Too Much Reliance on Customer Education?
Majority of Banks Say Customers are First to Catch Fraud2011 is expected to see a number of changes in the fraud-detection space, especially among U.S. banking institutions. That's a good thing. Some change is definitely needed.
I've spent the last several weeks talking with a number of industry experts about fraud and security expectations for the new year. The one overarching theme that keeps coming up? The United States lags the rest of the world when it comes to fraud detection, and that lag is catching up with us.
Information Security Media Group recently released results from its The Faces of Fraud Survey -- a survey we conducted in the fall. We asked bankers and others in the financial space to share their thoughts about fraud, detection tools and investments they plan to make in fraud prevention and security over the next 12 months. Not surprisingly, most institutions said budgetary challenges have hindered investments in fraud prevention. But, going forward, they expect to make strides toward upping their security initiatives. The problem is that some of the expected investments are a bit misguided -- not aimed at targeting the root of most fraud.

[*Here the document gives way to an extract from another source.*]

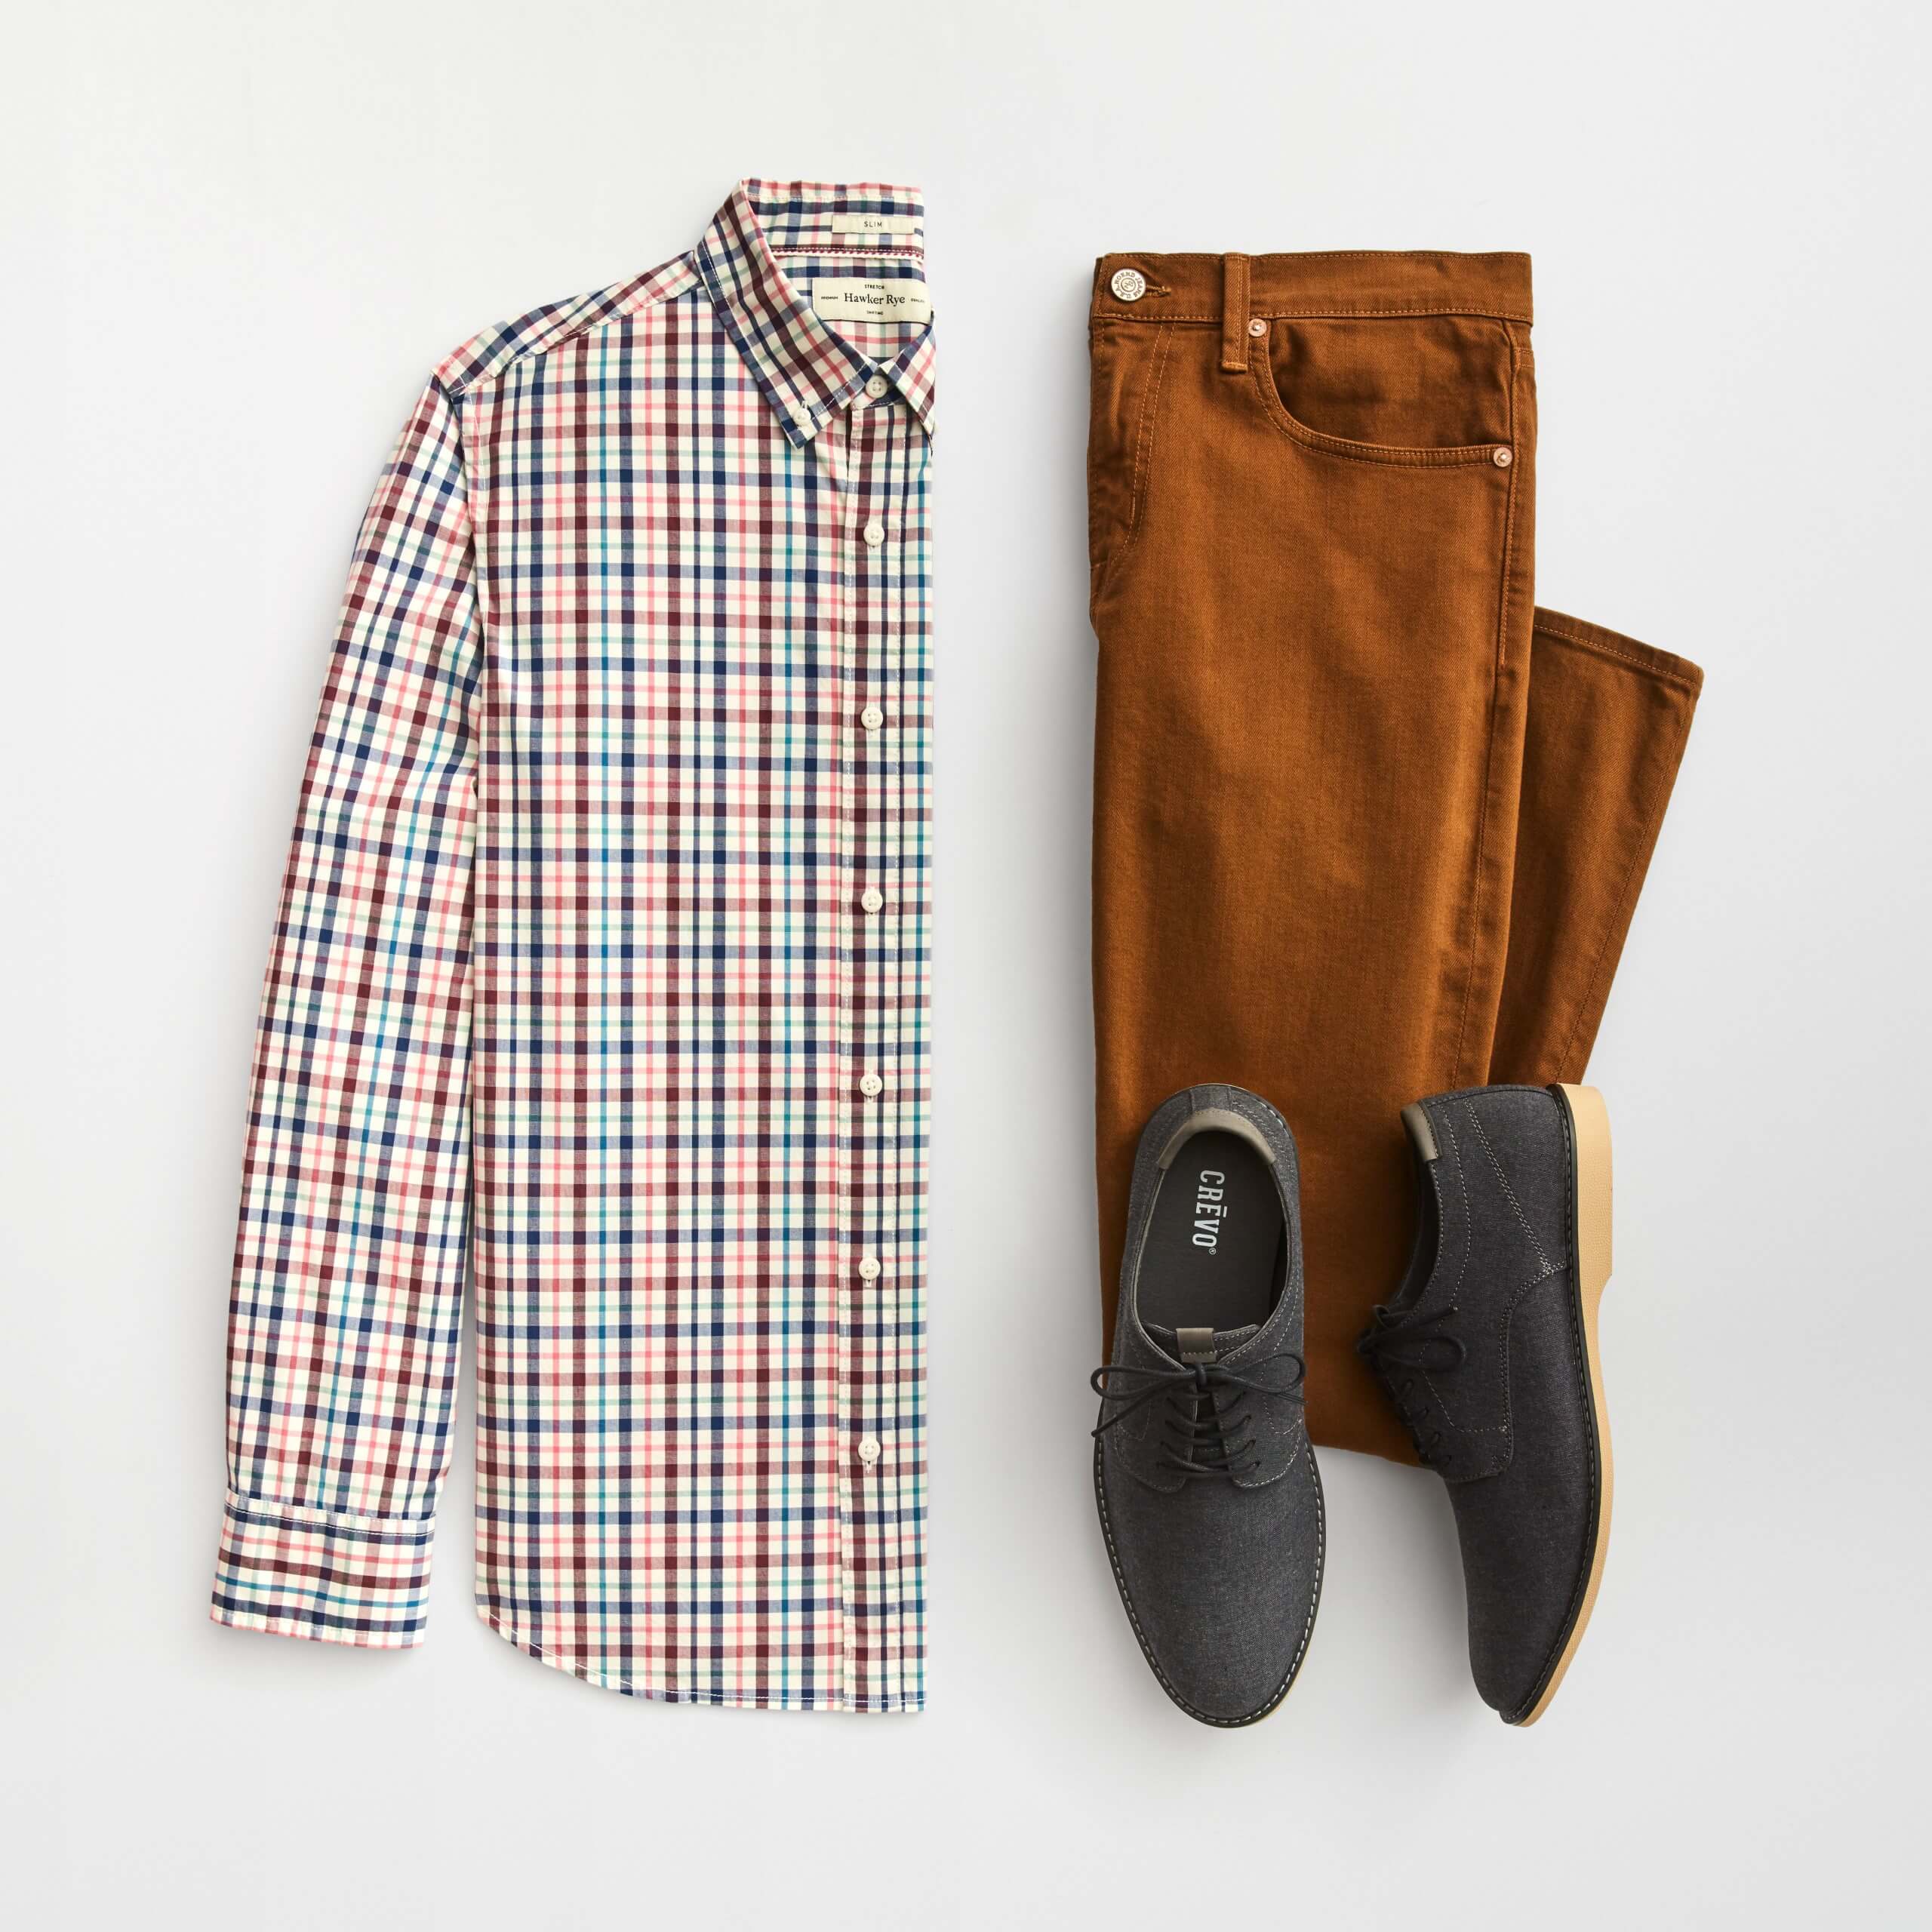 What to Wear on a First Date - Best Date Outfits for Men

Let's take a look at the current landscape. According to our survey, 77 percent of respondents said employee education is the most effective way to prevent fraud, and another 67 percent said customer/member awareness plays the most important role in the fraud fight. But how far can employee and customer or member education and awareness really go?
George Tubin, a fraud analyst with TowerGroup, says education has its boundaries. Simply put: "We have to do more," he says. "Employee education is absolutely necessary, but because of the sheer volume of transaction and the move to electronic transactions, we have to invest in more technology for fraud detection."
I agree. And here is the most striking, and frightening, revelation -- more than three quarters of our survey's respondents say they learn about "most" fraud incidents when customers or members notify them. Yet 43 percent (the third highest) say "lack of customer awareness" is their biggest challenge when it comes to fraud prevention. What's more, 63 percent (the highest) say they spent the last year investing more heavily in employee and customer/member fraud awareness, as a way to reduce vulnerabilities to fraud.
But the effectiveness of their education programs need improvement. Seventy percent of respondents said education and awareness for employees needed help, and other 68 percent said education efforts for commercial and consumer customers needed improvement.
Does there seem to be a disconnect somewhere, or is it just me?
"When is a fraud incident detected? 'When a customer notifies us.' I see that year after year, and it's pretty sad," says Avivah Litan, a distinguished analyst and vice president at Gartner. "It also tells me that there is a lot of fraud they are never detecting, and that a number of fake identities are probably getting through. It could be a fraudster who opens an account and takes out money. If they're relying so much on customer notification, how would they know? If 76 percent say customers notify them of fraud, there's a lot that they are missing."
In a nutshell, fraud detection is getting short-changed, and Litan is not the only one who shared that view. Adam Dolby, who oversees online security and authentication systems for Gemalto North America, says current fraud-detection measures in the U.S. are in need of serious analysis. Continuing to rely on customer notification for fraud detection is not good for business. "This is more of a U.S.-centric mentality," Dolby says. "We see more authentication at the corporate and retail levels in Europe," where authentication solutions are more evolved and sophisticated.
Dolby says U.S. banking institutions are falling victim to what he calls the "CSI phenomenon."
"This is like trying to act against crime but starting with a dead body and investigating backward, rather than actually trying to stop people from getting whacked in the first place," he says.
So, what's the solution? Well, more investments in technology, from cross-channel integration to stronger authentication. Maybe we can learn a thing or two from our European banking brethren. Education, whether it involves the customer or member or the employee, does have a place in a fraud-detection and prevention plan. But it's definitely time for more investment in technology.